# No Browser Source in Ubuntu Linux



## Coop59 (Jan 27, 2021)

Hello Guys,

I am very new to OBS and I am trying to use my android phone as a webcam so I found obs.ninja and I have an url to my remote android phone (webcam). But when I go to add browser source there isn't one there. This is on an Ubuntu Desktop 20.10, is there another way to accomplish this by chance? By the way this is a known issue with OBS on Ubuntu Desktop systems.

Thanks Guys,
Michael


----------



## Tuna (Jan 28, 2021)

How did you install? The Ubuntu PPA instructions from the OBS website should have the browser source. The Ubuntu package that ships with Ubuntu probably has not.


----------



## MartHus (Dec 11, 2021)

Tuna said:


> How did you install? The Ubuntu PPA instructions from the OBS website should have the browser source. The Ubuntu package that ships with Ubuntu probably has not.

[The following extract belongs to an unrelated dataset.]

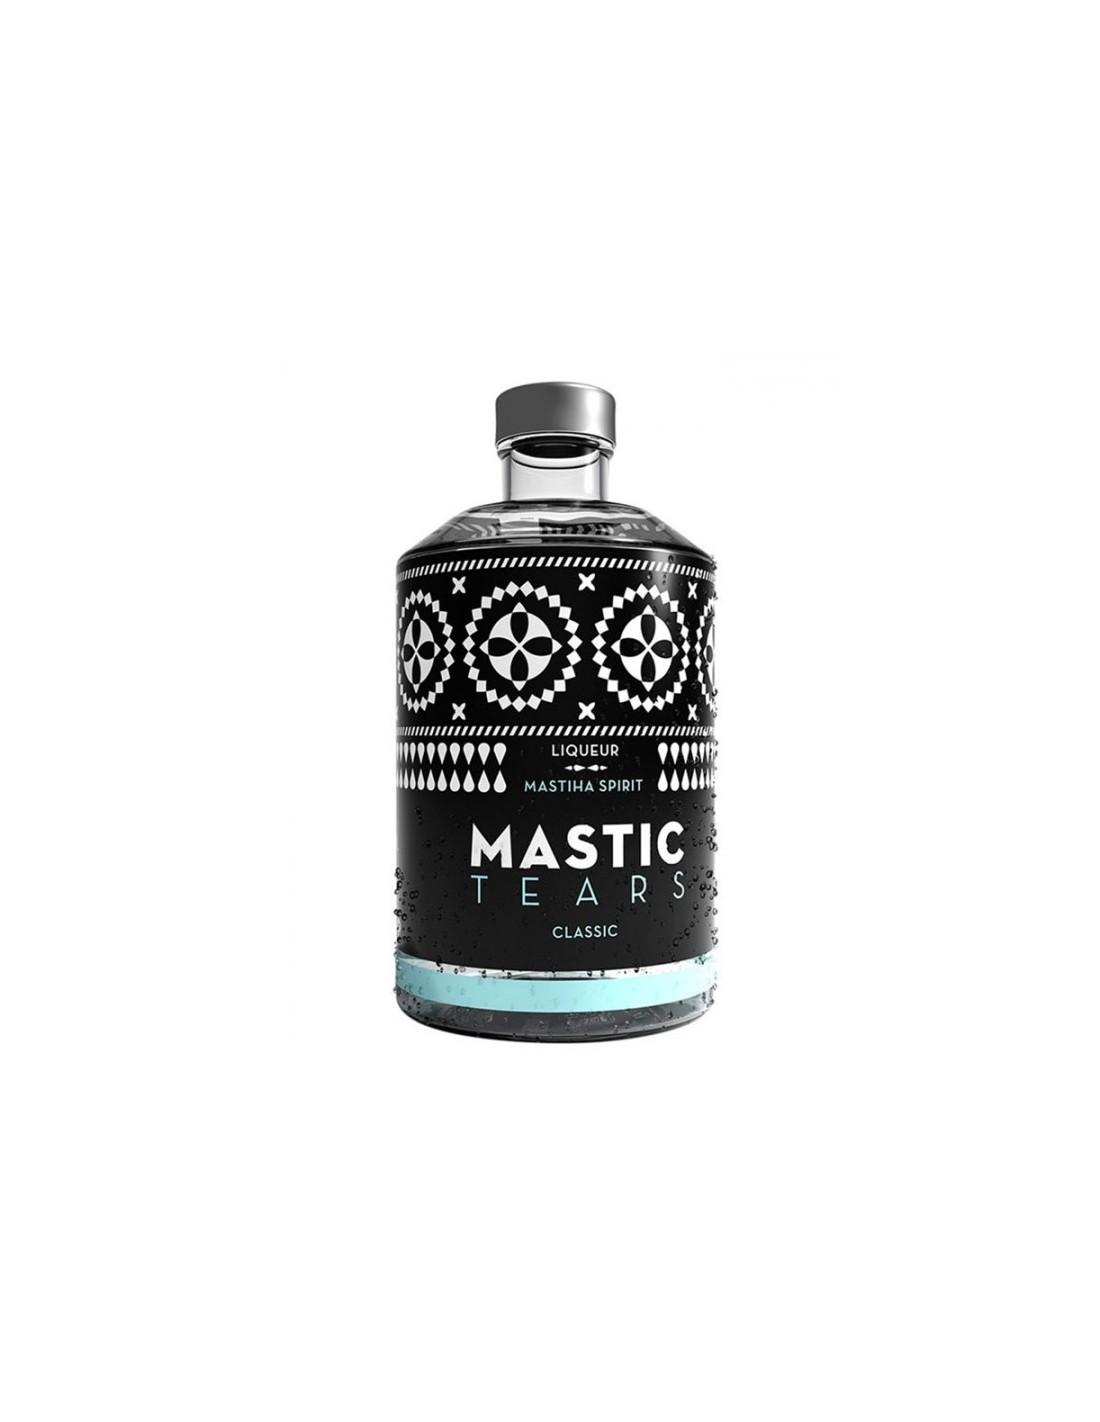 Lichior Mastic Tears Classic 0.7L

I'm having the same issue.
I used the ppa instructions and i don't have the browser source thing.
(Ive also tried installing from source but that just gave errors when I tried to run obs)


----------



## MartHus (Dec 11, 2021)

MartHus said:


> I'm having the same issue.
> I used the ppa instructions and i don't have the browser source thing.
> (Ive also tried installing from source but that just gave errors when I tried to run obs)


I ended up finding a fix.
I used this: https://github.com/bazukas/obs-linuxbrowser/releases
Here is a guide I followed: https://www.youtube.com/watch?v=WTbMVMOYRxU


----------